**GIVEN INFORMATION:**
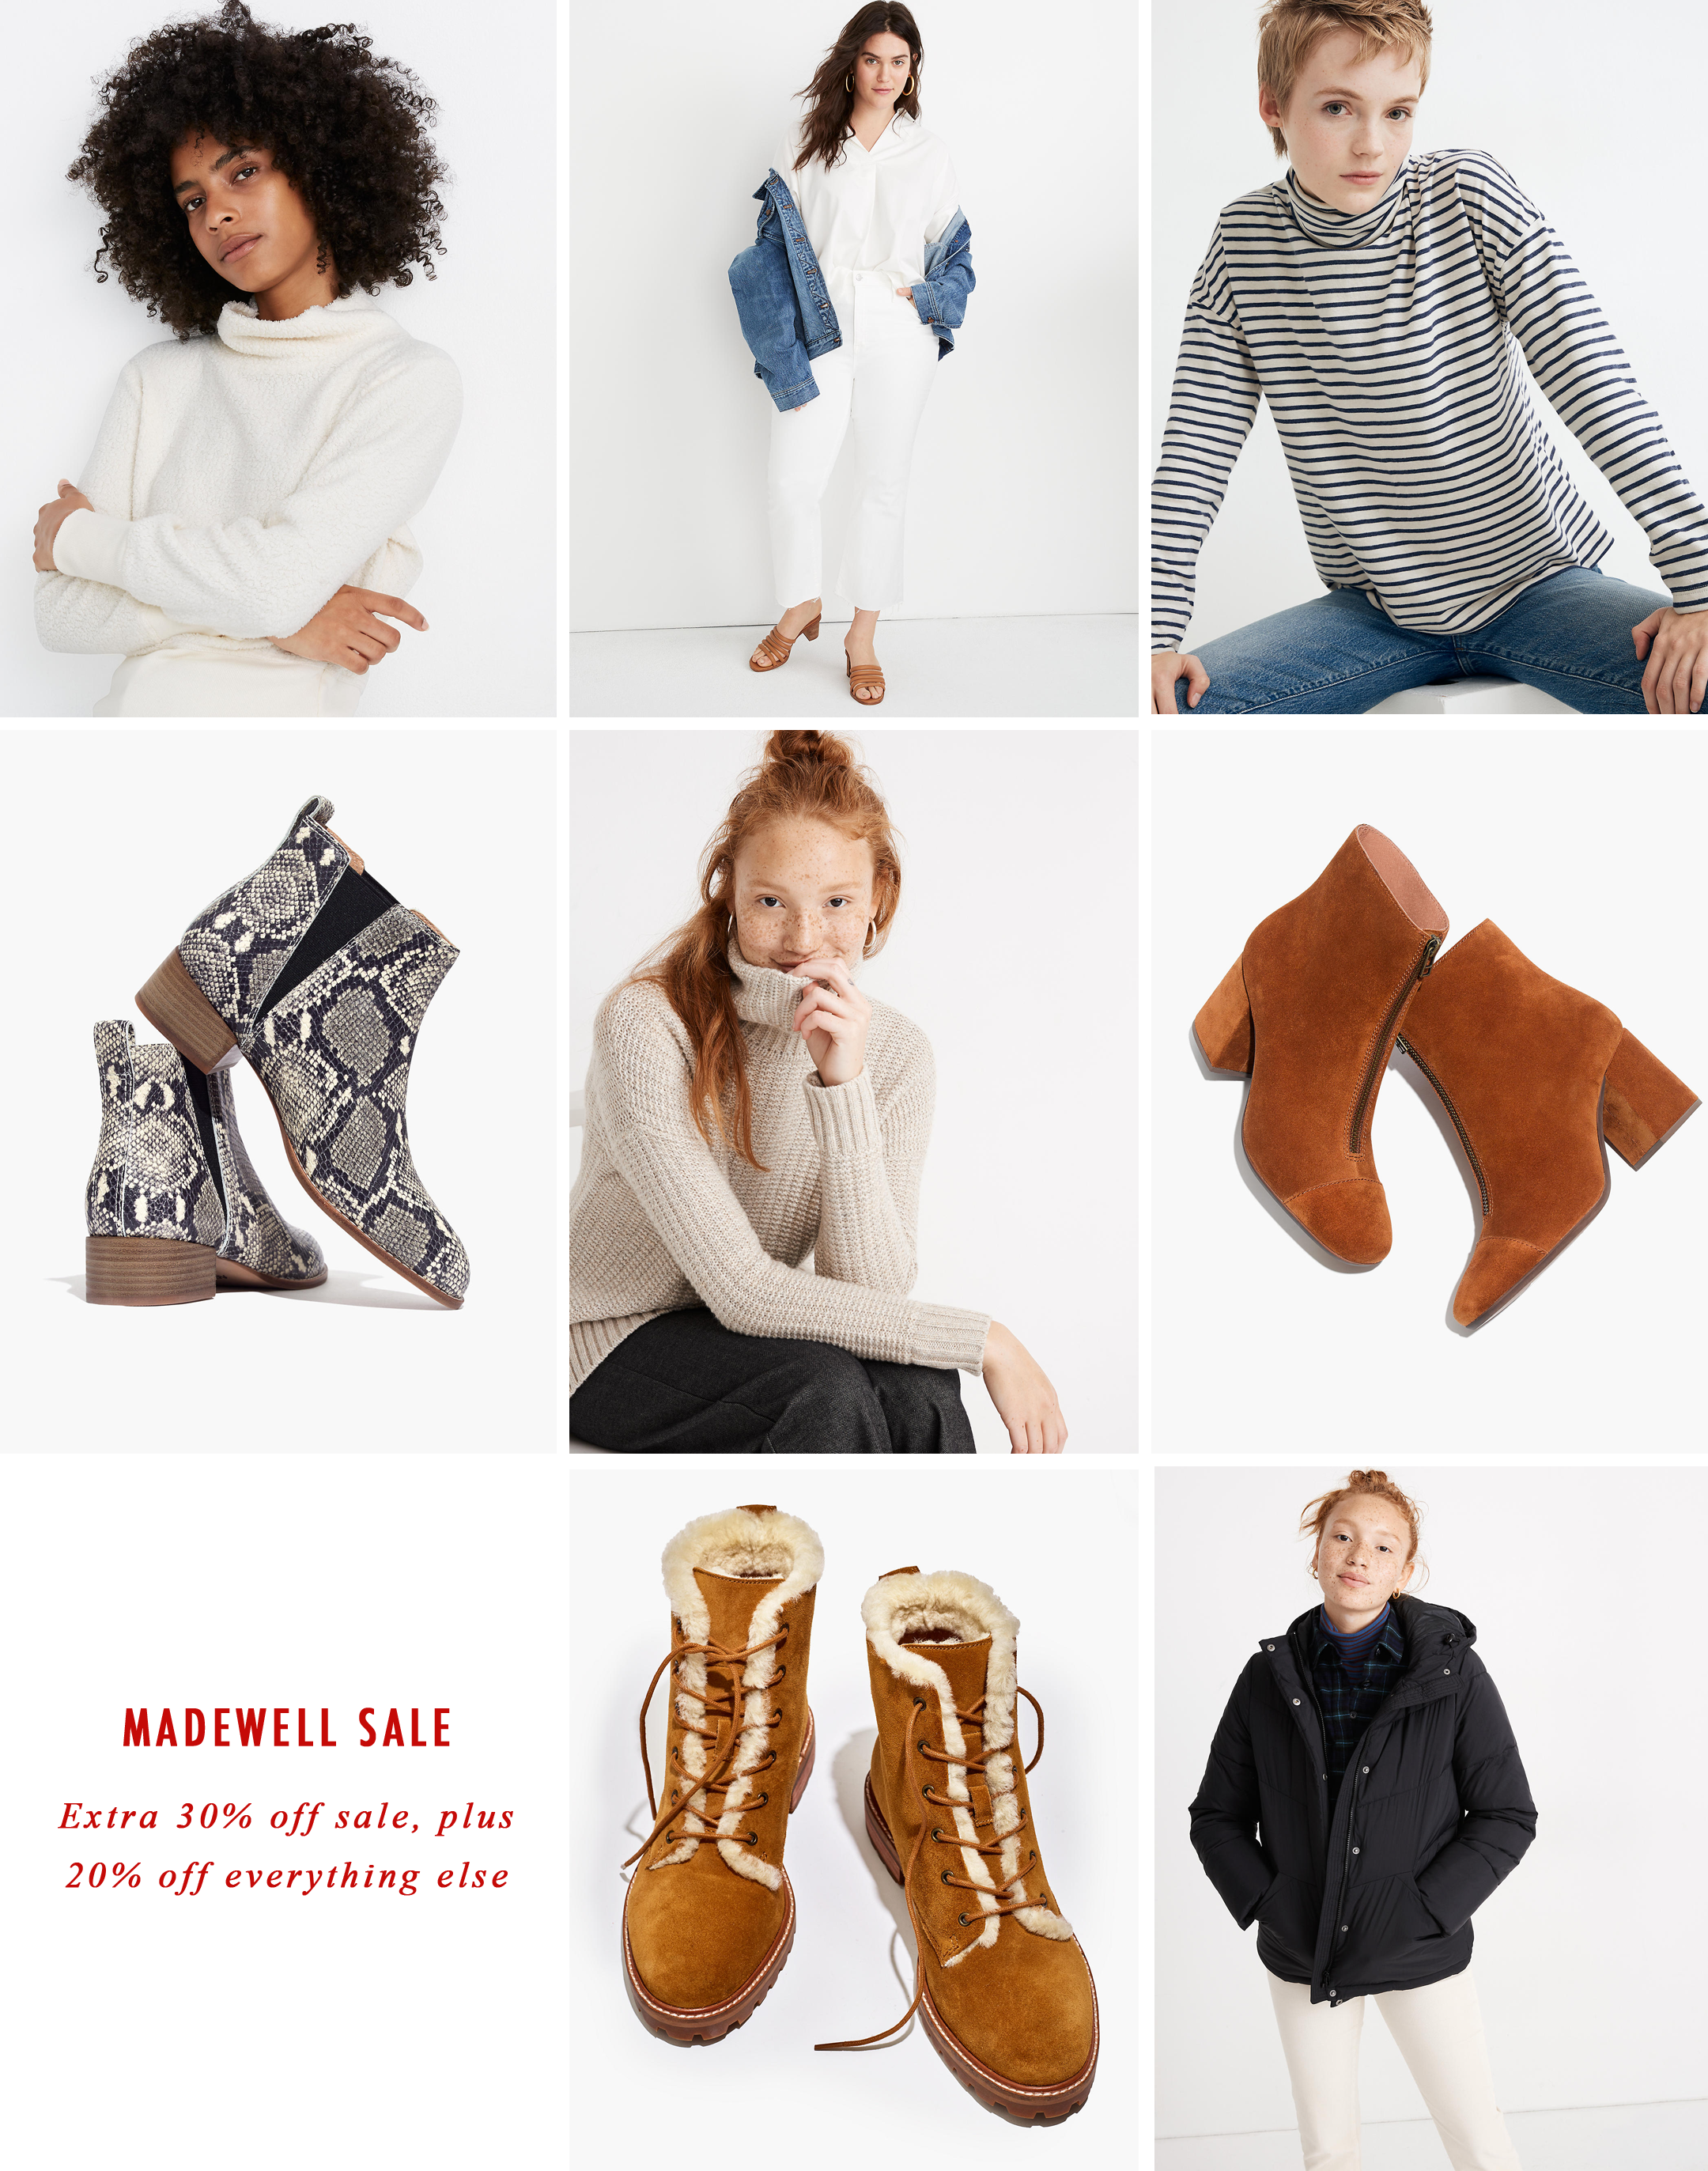 Madewell sale
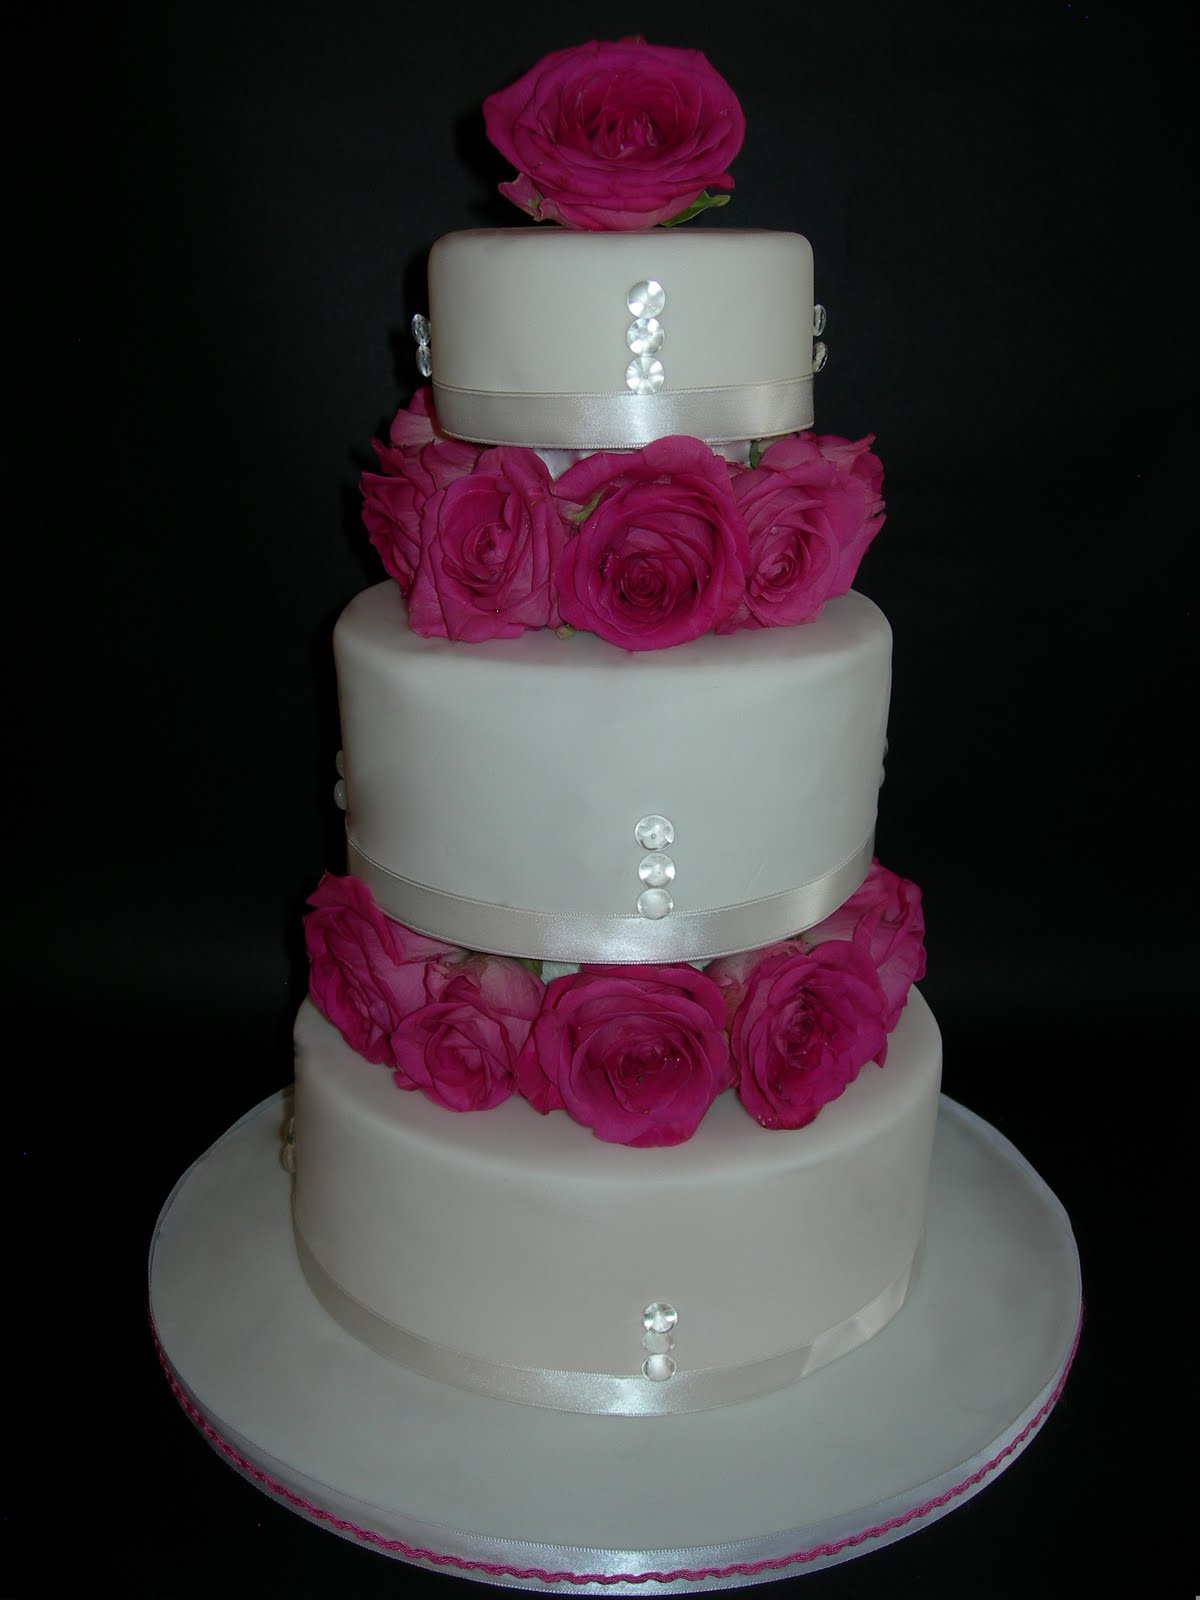 Custom Cake Designs Uk : Custom Cake Design: Pink flower tower
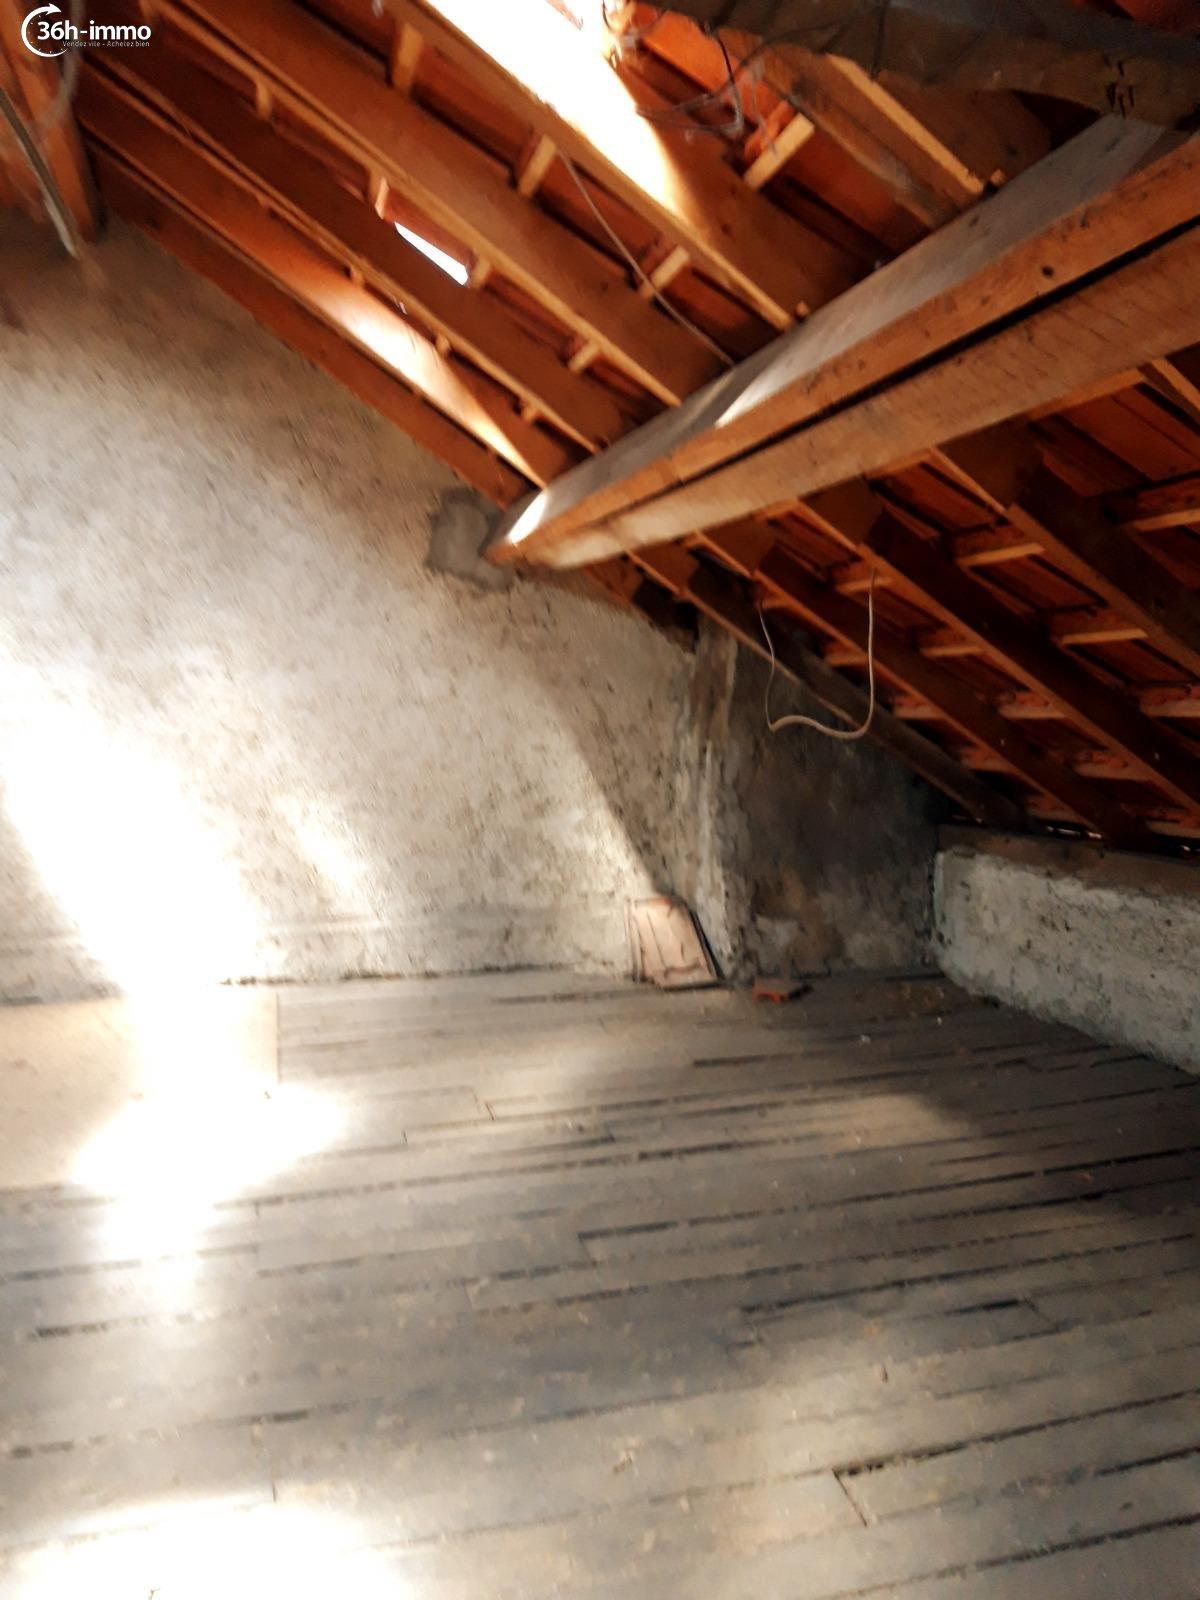 Maison Troyes 10000 Aube 68 m<sup>2</sup> 4 pi&eagrave;ces 110280 euros

**WHAT IS EXPECTED:** In your reply, every line of the material should appear exactly as written, and no picture should.

**TASK ANSWER:**
 Madewell sale
 Custom Cake Designs Uk : Custom Cake Design: Pink flower tower
 Maison Troyes 10000 Aube 68 m<sup>2</sup> 4 pi&eagrave;ces 110280 euros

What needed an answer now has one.